Tsai ran for New Taipei City mayorship in the 2010 municipal elections but was defeated by the KMT candidate, Eric Chu.

2011

In April 2011, Tsai became the first woman to be nominated by a major party as a presidential candidate in the history of Taiwan the Republic of China after defeating her former superior, Su Tseng-chang, in the DPP's primary election by a slight margin.

2012

In the 2012 Taiwanese presidential election, she was defeated by the then-president Ma Ying-jeou, but she won her first term of presidency in the 2016 presidential election by a landslide in a rematch against Eric Chu.

2020

She served as chair of the DPP from 2020 to 2022, as well as from 2014 to 2018, and from 2008 to 2012.

Her second presidential term will expire and she will be succeeded by her vice president, Lai Ching-te, on 20 May 2024.

Tsai was born and raised in Taipei and studied law and international trade, and later became a law professor at Soochow University School of Law and National Chengchi University after earning an LLB from National Taiwan University and an LLM from Cornell Law School.

She later studied law at the London School of Economics and was awarded a PhD.

In the 2020 presidential election, she was re-elected as president after winning the election against Han Kuo-yu.

Tsai is the second president from the DPP, and also the first popularly elected president to have never served as the Mayor of Taipei.

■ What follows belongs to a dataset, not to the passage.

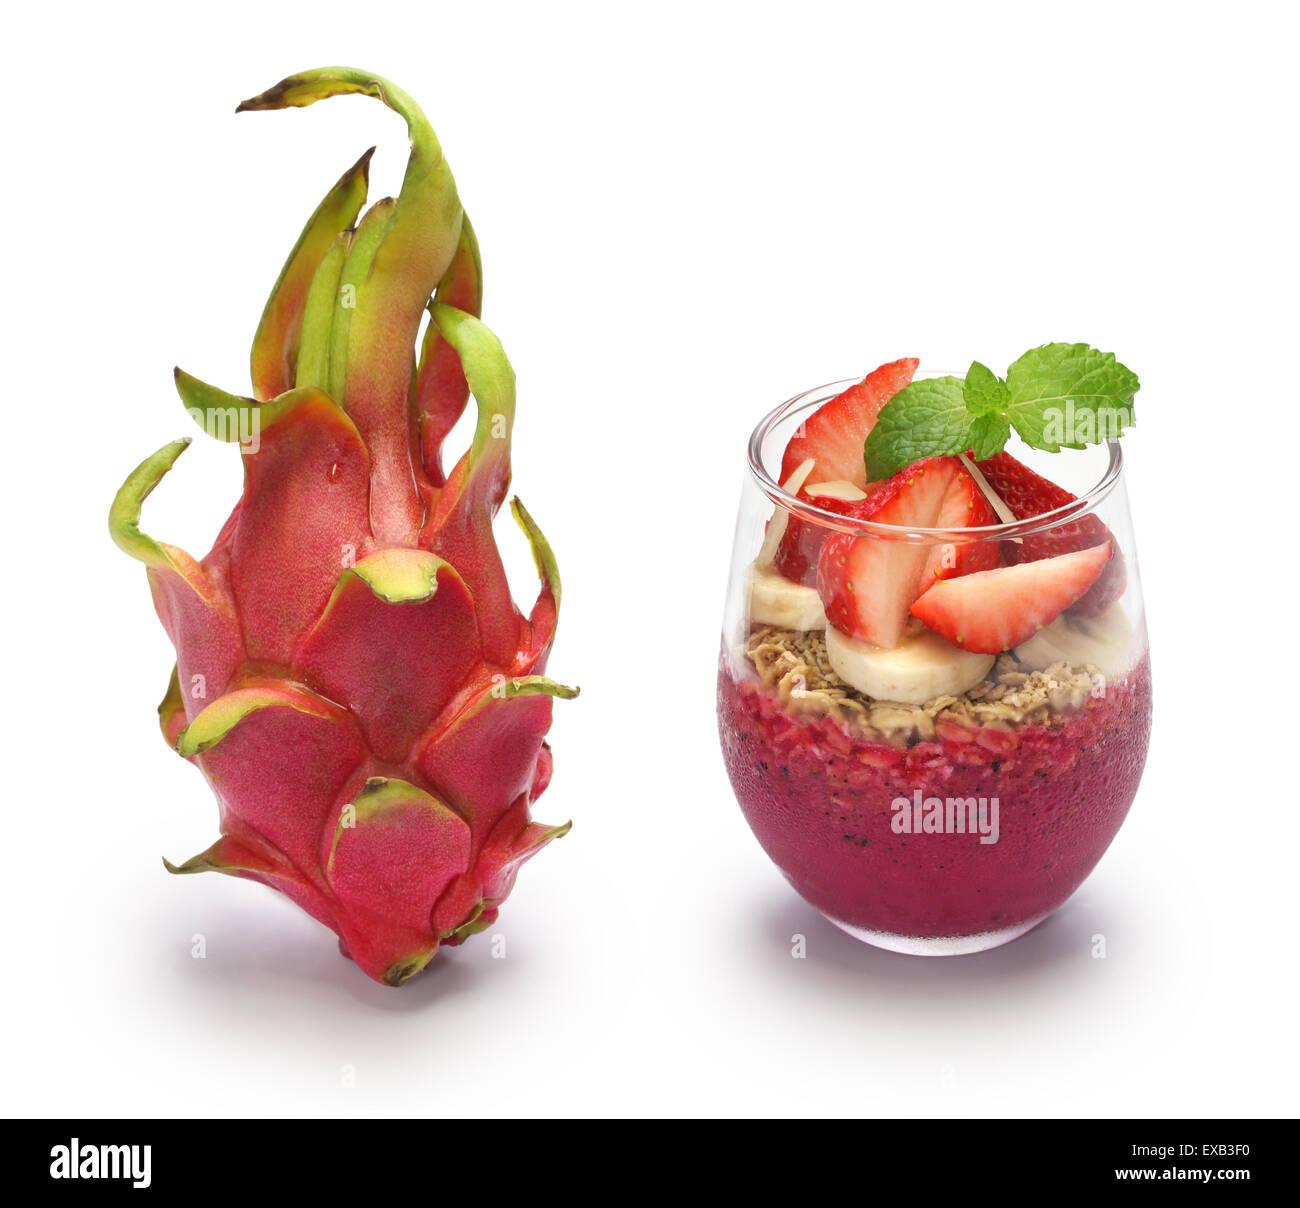 dragon fruit and pitaya bowl on white background - Stock Image
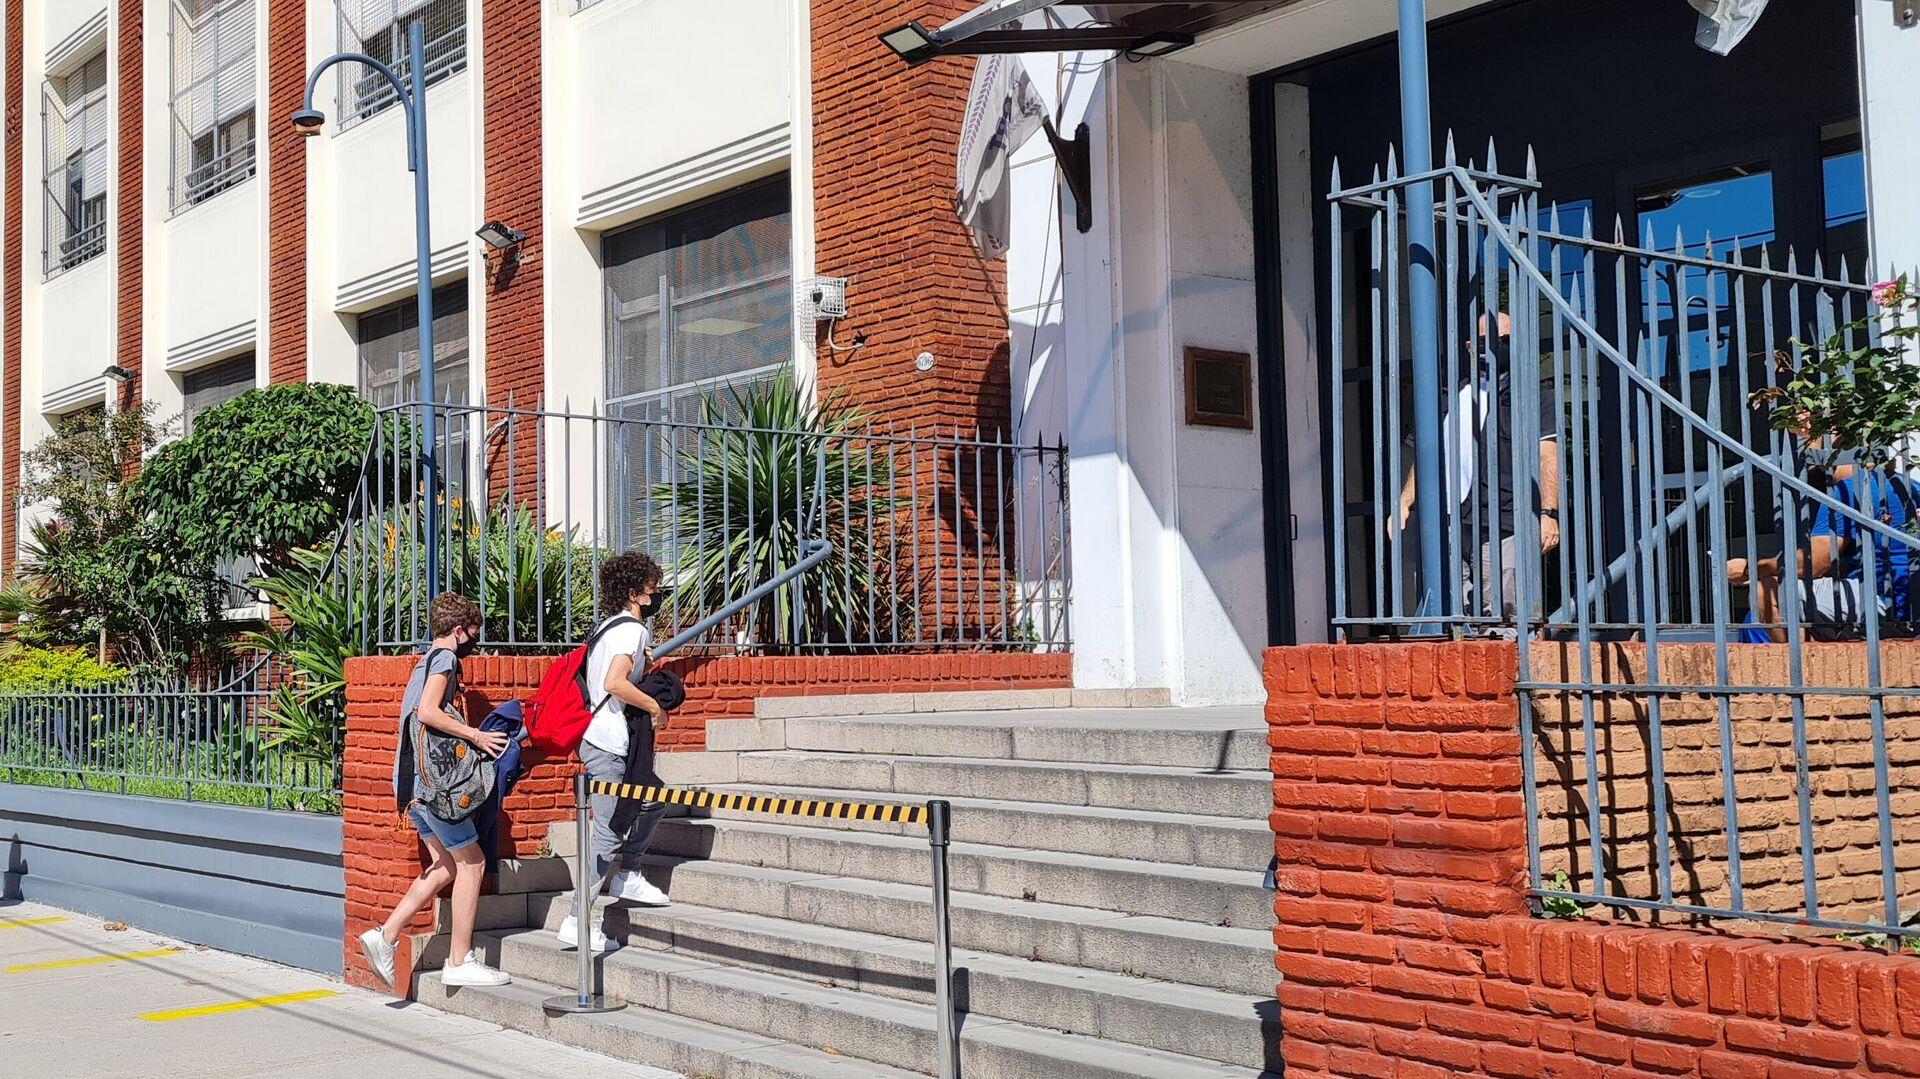 El Gobierno porteño autorizó las clases en las escuelas en rechazo al decreto presidencial - Sputnik Mundo, 1920, 06.10.2021

Tsai was named one of Time's most influential people of 2020 and was #9 on Forbes's most powerful women and #2 female politician after Kamala Harris of 2021.

Internationally, Tsai has been praised for her response to the COVID-19 pandemic, and for standing up to pressure from the Government of the People's Republic of China.

Tsai resigned as head of the Democratic People's Party (DPP) in November 2022, citing her party's poor performance in local elections earlier that month.

Tsai's second presidential term will end in May 2024 having reached the two-term constitutional limit.